For more than 20 years, the countries of the European Free Trade Association EFTA (Iceland, Liechtenstein, Norway, Switzerland) have been pressurising the countries of the global South in their free-trade agreements to introduce plant variety protection laws in accordance with the international UPOV 91 [1] Convention. This disproportionately restricts the rights of farmers to save, use, exchange and sell farm-saved seed and other propagating material. This is despite the fact that Switzerland, Norway and Liechtenstein [2] do not implement these standards in their own countries.

This ‘double standard’ is all the more shocking because in the countries of the South, the farmer managed seed systems, which are shaken to their foundations by UPOV standards, are of much more central importance for food and income security than in Europe. The imposition of these standards on the countries of the global South, having been negotiated without their participation, is a neo-colonial dictate. Countries should be able to make their own decisions on seed-related laws and policies that suit their agricultural systems and the needs of their populations.
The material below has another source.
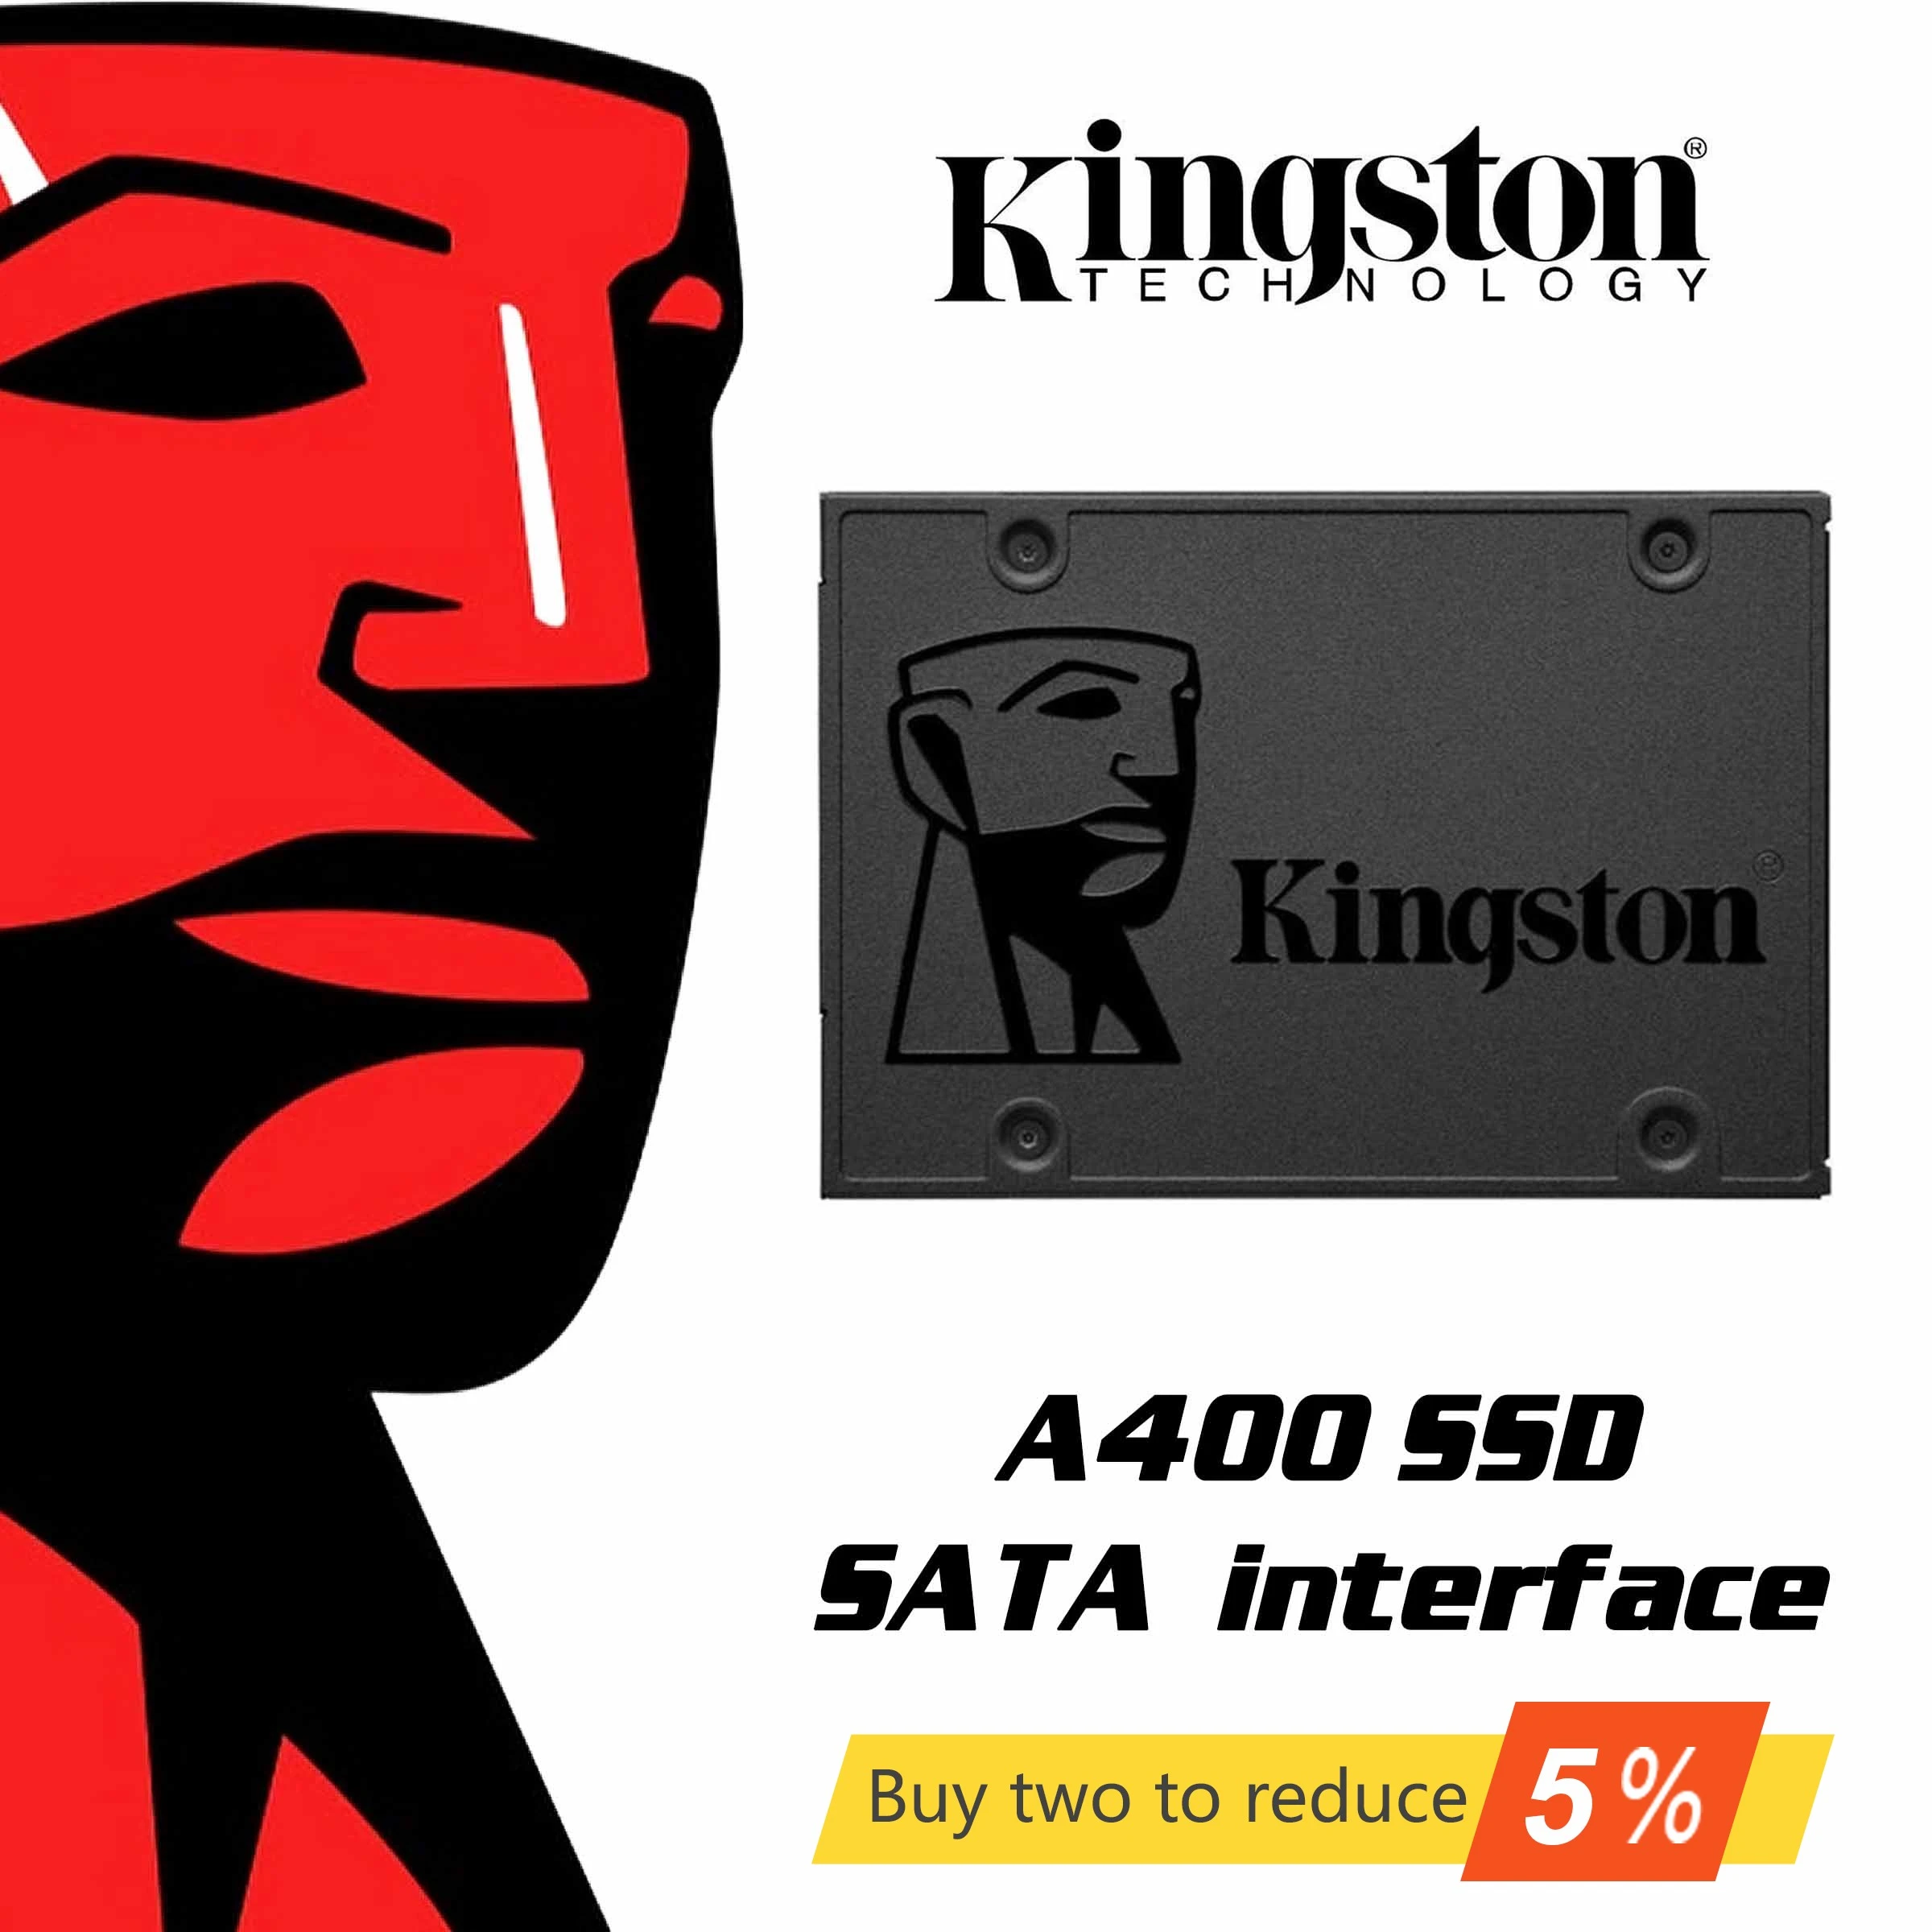 Original Kingston A400 SSD SATA3 2.5 inch 240GB 480GB Internal Solid State Drive HDD Hard Drive Disk SSD For PC Laptop Computer

EFTA is currently negotiating an agreement with Malaysia. In February 2020, intellectual property rights that included plant variety protection à la UPOV 91 were part of the agenda. In the case of Malaysia in particular, it is hard to understand why the EFTA countries should insist on UPOV 91. The country already has a plant variety protection law which, within a limited framework, also respects farmers’ rights to seeds.
Renouncing UPOV standards from the free trade agreements would contribute in a significant way to the achievement of the United Nations Sustainable Development Goals, in particular Goal 2 (Zero Hunger) and Goal 15, which seeks to halt the loss of biodiversity.

For further information:
• Judith Reusser, Seeds Development Policy Officer, SWISSAID; j.reusser@swissaid.ch
• François Meienberg, Coordinator, APBREBES; contact@apbrebes.org
• Thomas Braunschweig, Trade Policy, Public Eye, thomas.braunschweig@publiceye.ch

Notas:

[1UPOV 91 = International Convention for the Protection of New Varieties of Plants. The 1991 act was negotiated by just 19 industrialised countries of the North and by South Africa to suit their own needs.

[2Iceland has a national plant variety protection law that complies with UPOV 91 standards.